There are also few surviving documents in which people record their own responses to theatrical events of this period, but for Henry VI Part 1 we have one: The writer Thomas Nashe’s ‘Piers Penniless’, which was registered with the Stationer’s Office (the 1590s equivalent of copyright registration) in August 1592 sees Nashe praise the play, saying:

How would it have joyed brave Talbot, the terror of the French, to think that after he had lain two hundred years in his tomb, he should triumph again on the stage, and have his bones new embalmed with the tears of ten thousand spectators, at least, who in the tragedian that represents his person imagine they behold him fresh bleeding.

Henry VI Part 1 has been made for television by the BBC three times before, always as now as part of a longer sequence.

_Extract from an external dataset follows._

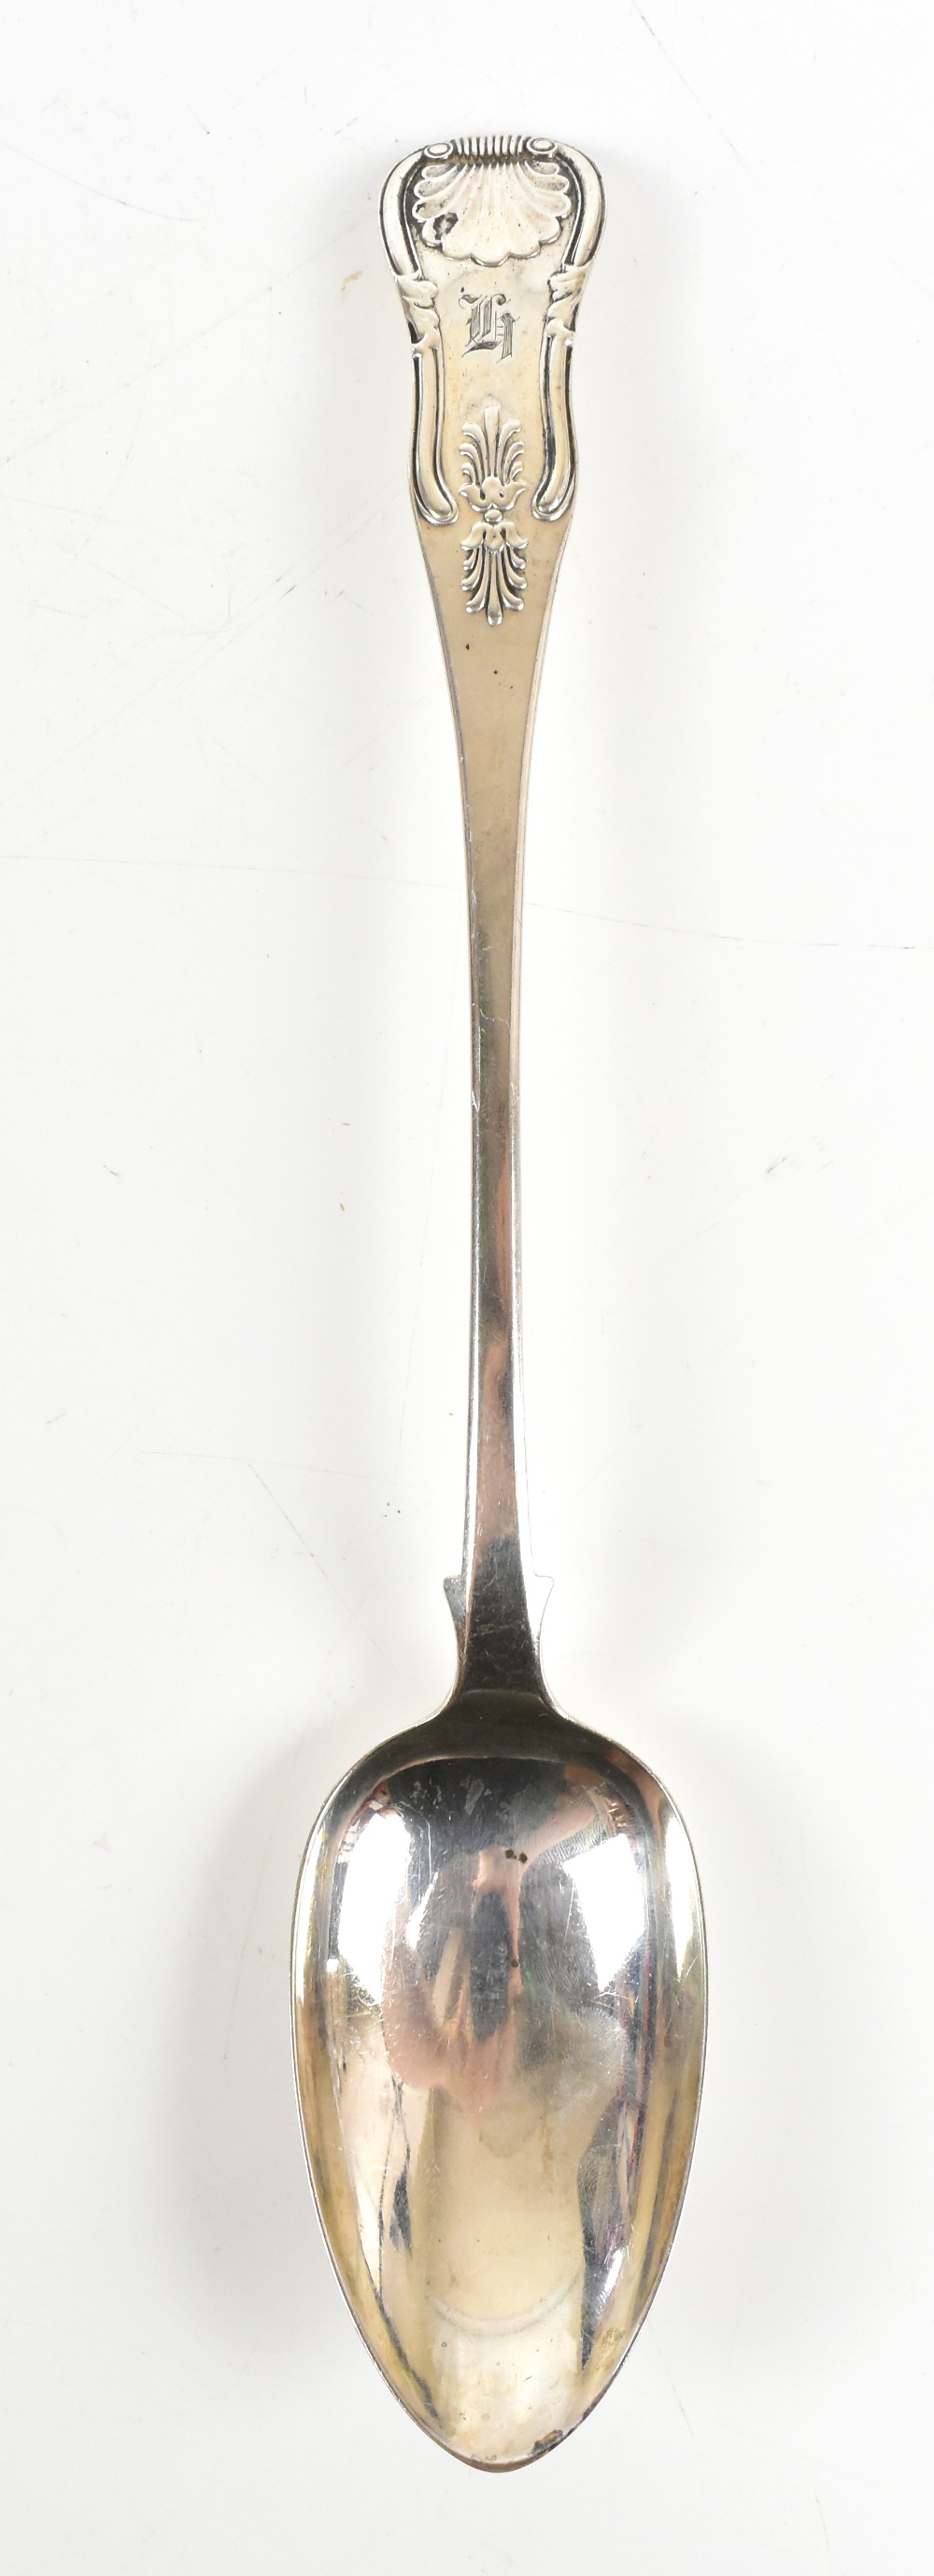 R & R KEAY; a Victorian hallmarked silver basting spoon decorated in the King's pattern, Edinburgh
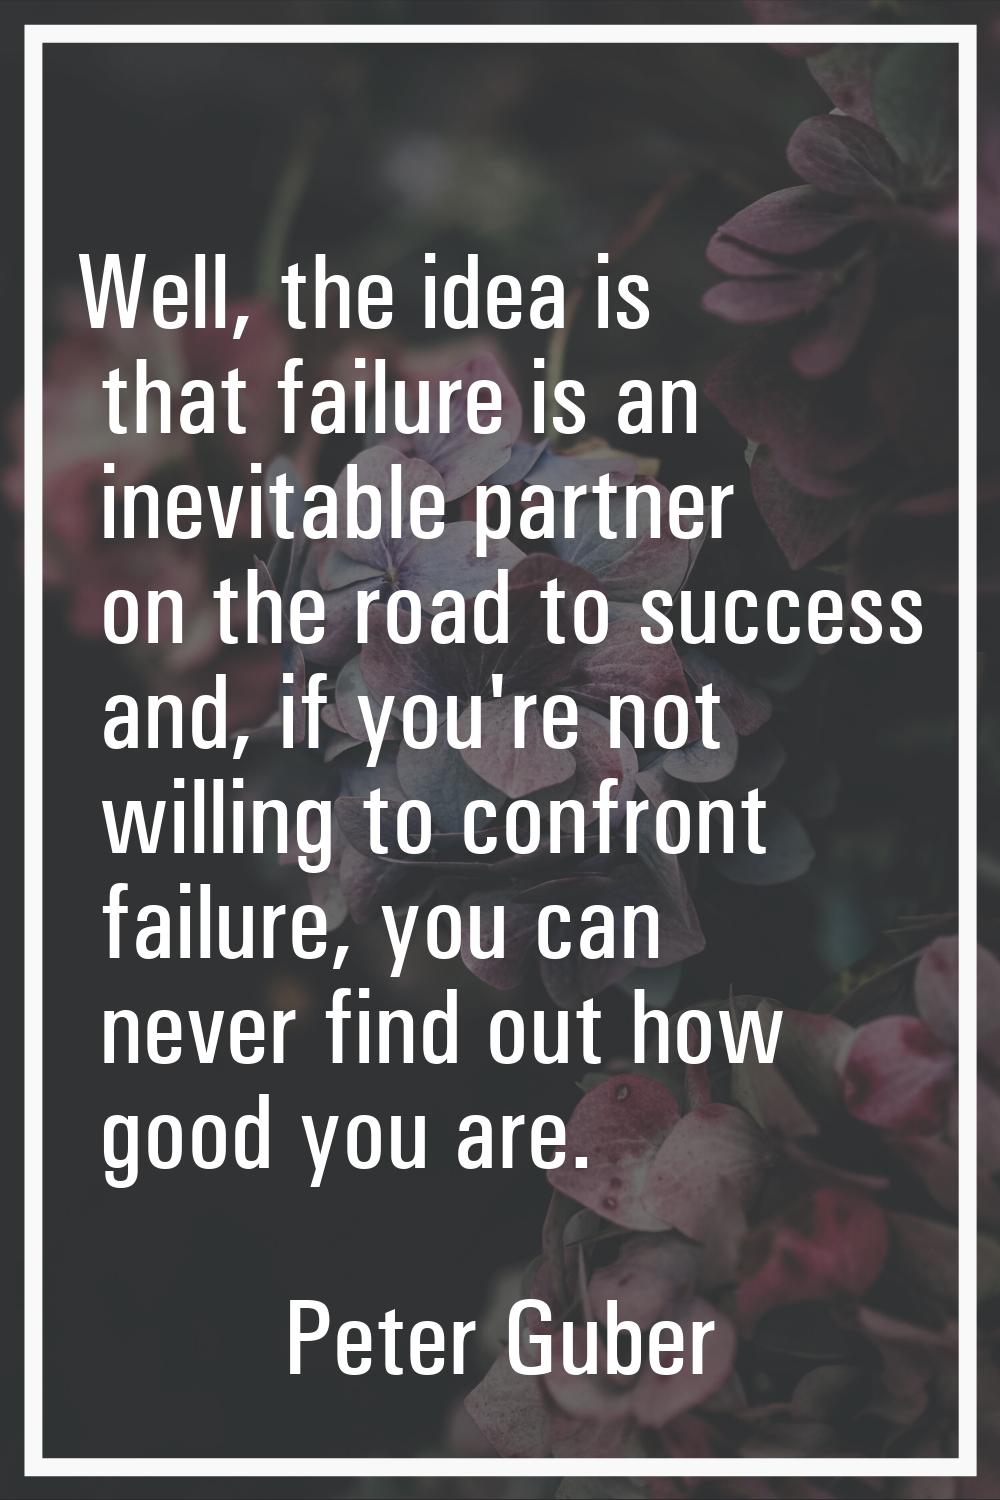 Well, the idea is that failure is an inevitable partner on the road to success and, if you're not w

An Age of Kings (1961) reduced it to an hour, and The War of the Roses (1965) was a version of the RSC’s 1963 productions, retaining their cuts. Only in 1983 did it play (practically) uncut, running for nearly three hours.(It was cut into two 90m episodes for the American market.)  This magical production directed by Jane Howell contained within a single set representing a children’s playground, which she later utilised for parts 2 and 3 and Richard III as well, is an abstract, defiantly unrealistic staging of the play about as far from The Hollow Crown’s mimetic, shot-on-location style as it’s possible to imagine. The rival dukes arrive on hobby horses, and at one point its Talbot, Trevor Peacock, does what we’d now recognise as a “Miranda Hart Look To Camera”. It’s quite a lot to live up to.

The new BBC version has an exception cast (I mean, look at it), and the production standards of the first series can’t be faulted. It’s hard to argue that first series of The Hollow Crown didn’t draw on richer and more complex plays than the second, but the Henry VI plays particularly showcase an earlier Shakespeare, whose work is more boisterous and direct; simplifying hugely, they have a little more action and a little less introspection. They’re exciting dramas of civil strife and internecine warfare, with quite a lot of sex and violence: great crowd-pleasing popular hits.

There’s no reason at all why they can’t be again.